Players Flex Their Mental Muscles With Brain Age For Nintendo DS
Incredible 'Brain-Training' Craze in Japan Moves across Ocean to the United States
REDMOND, Wash., Jan. 30, 2006 - After decades of exercising players' thumbs, Nintendo is now moving to their minds. Brain AgeTM: Train Your Brain in Minutes a Day for Nintendo DSTM will help players flex their mental muscles. Brain Age represents the first in a series of U.S. brain-training titles that already have taken Japan by storm.
Brain exercise has been a hot topic lately. Baby Boomers and test-prepping school kids alike want to challenge themselves. In fact, a recent Time magazine article cited Brain Age in its exploration of the trend of people looking for ways to exercise their brains.
But Baby Boomers picking up a video game system? It's not as far-fetched as you might think. Three separate titles in the brain-training series are currently a huge craze in Japan. Each of them has achieved sales of more than 1 million units, with the most recent title hitting that milestone in less than a month. The craze has been fueled largely by older players, many of whom had never played a video game system before.

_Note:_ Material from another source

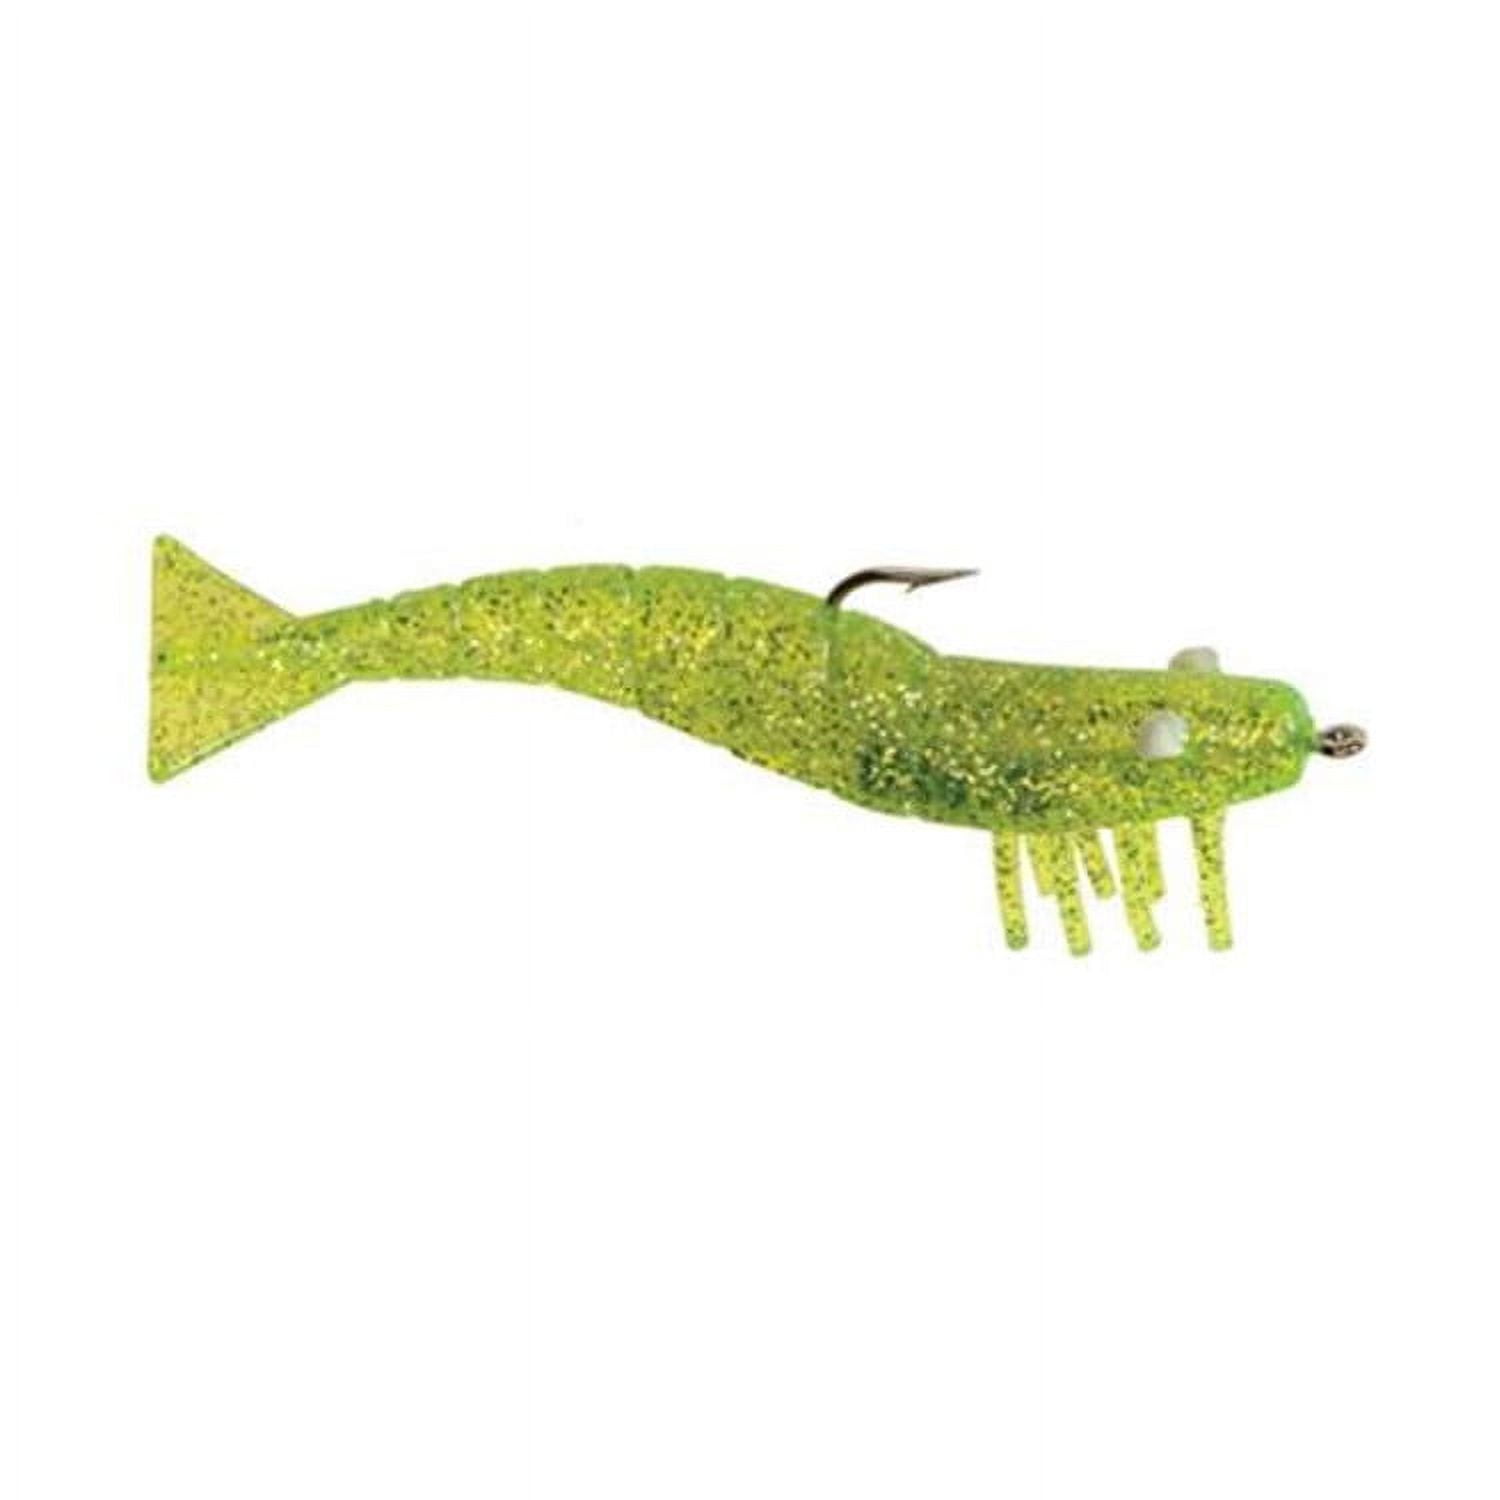  Tackle HD 2-Pack Square Bill Crankbait, 2.75 Lipped Rattle  Crankbaits with Fishing Hooks, Top Water Fishing Lures for Crappie,  Walleye, Perch, or Bass Fishing, Chartreuse Black Back : Sports

Brain Age (known as Brain Training in Japan) was inspired by the work of Professor Ryuta Kawashima, a prominent Japanese neuroscientist. His studies evaluated the effect of performing reading and mathematic exercises to help stimulate the brain.
"Young or old, everyone looks for ways to get a mental edge," says Reggie Fils-Aime, Nintendo of America's executive vice president of sales & marketing. "Our brain-training series, led by Brain Age, builds on the popularity of word and number puzzles and acts as a treadmill for the mind."

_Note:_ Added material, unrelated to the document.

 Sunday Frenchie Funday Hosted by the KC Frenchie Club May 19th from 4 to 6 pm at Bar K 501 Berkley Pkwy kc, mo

Brain Age presents players with a series of fun mental brain-training challenges that incorporate word memorization, counting and reading. It even includes sudoku number puzzles, which have become extremely popular features in newspapers around the country. The distinctive touch screen of Nintendo DS lets users write their responses, just as though they were using a PDA. Players even turn the Nintendo DS sideways to make it feel more familiar, like a book. The more often users challenge themselves, the better they become at the tasks and the lower their estimated DS "brain age."
Nintendo's brain-training series of games represent a cornerstone of Nintendo's aim to expand the world of video games to new audiences. The second title in the series, Big Brain Academy (known as Brain Flex in Japan) offers players 15 fun activities that test their brain powers in areas like logic, memory, math and analysis. Up to eight people can play with a single game card, and each activity takes less than a minute to complete.

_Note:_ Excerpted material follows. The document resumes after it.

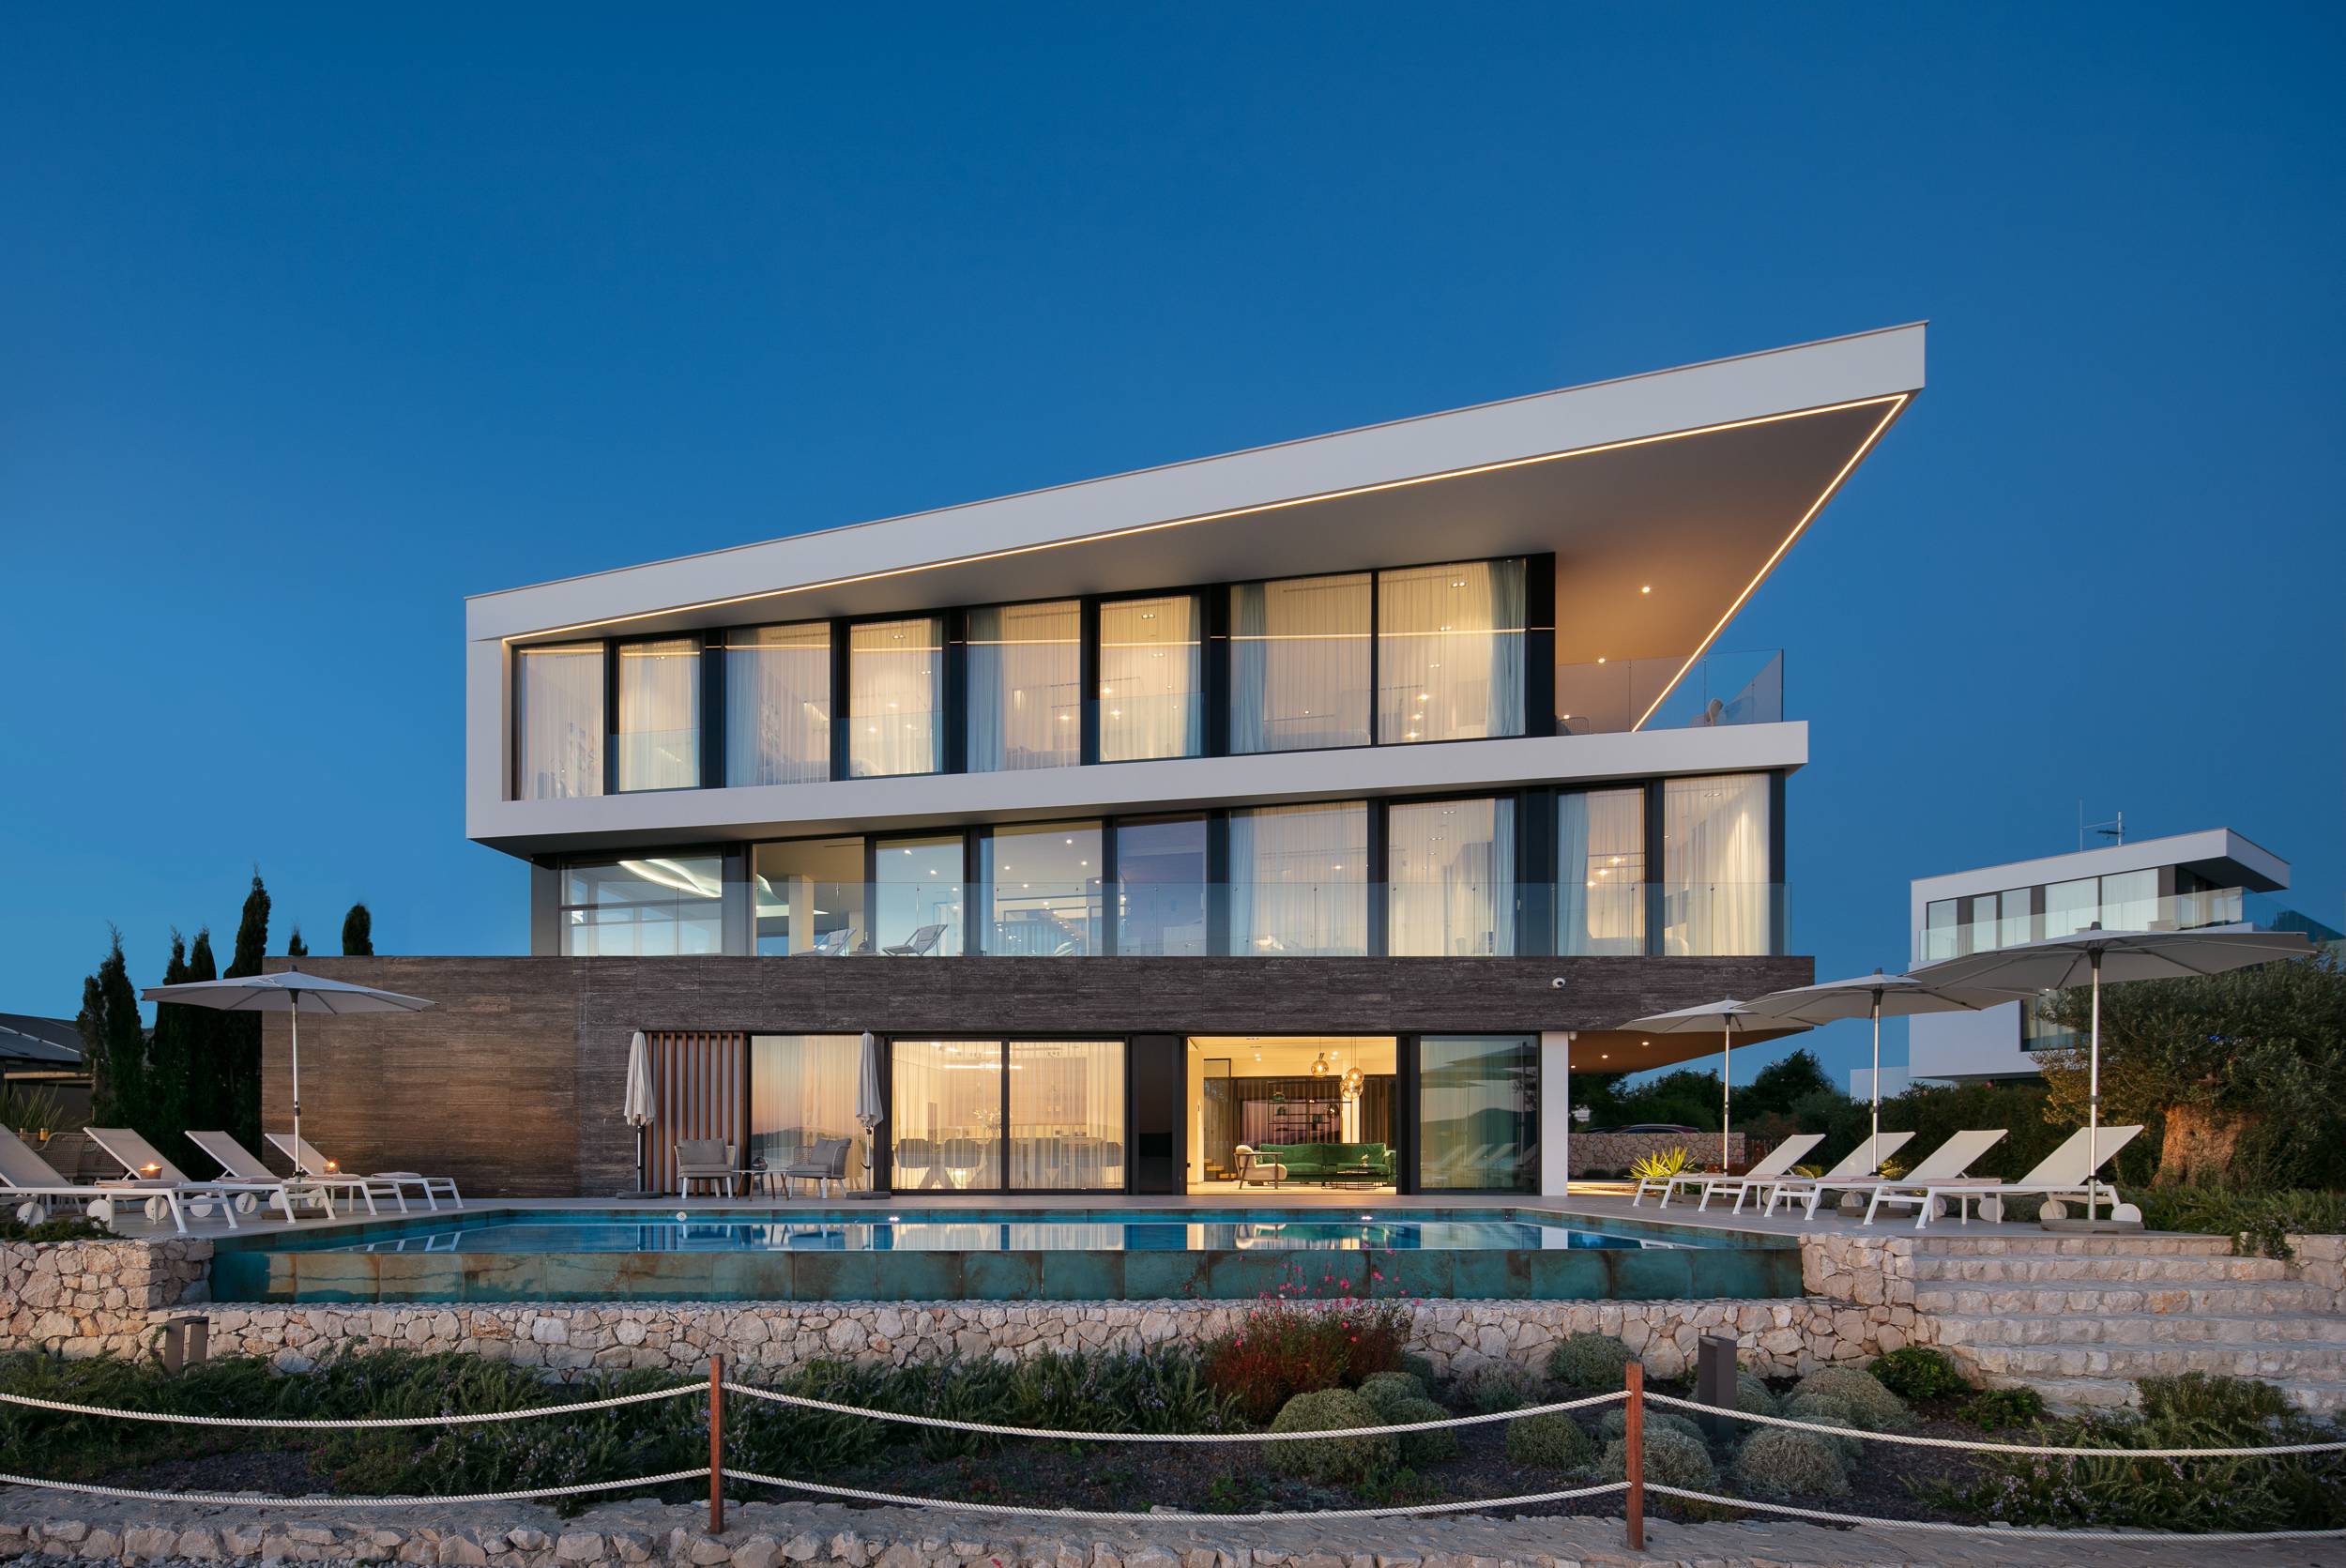 A house with glass walls and architecture that juts out at different angles. It has a pool and many poolside chairs.

Brain Age: Train Your Brain in Minutes a Day is rated E for Everyone and launches on April 17. Big Brain Academy is Rated E for Everyone and launches May 30.
The worldwide leader and innovator in the creation of interactive entertainment, Nintendo Co., Ltd., of Kyoto, Japan, manufactures and markets hardware and software for its popular home and portable video game systems. Each year, hundreds of all-new titles for the best-selling Game Boy® Advance SP, Nintendo DSTM and Nintendo GameCubeTM systems extend Nintendo's vast game library and continue the tradition of delivering a rich, diverse mix of quality video games for players of all ages. Since the release of its first home video game system in 1983, Nintendo has sold more than 2 billion video games and more than 360 million hardware units globally, creating enduring industry icons such as MarioTM and Donkey Kong® and launching popular culture franchise phenomena such as Metroid®, ZeldaTM and Pokémon®. A wholly owned subsidiary, Nintendo of America Inc., based in Redmond, Wash., serves as headquarters for Nintendo's operations in the Western Hemisphere.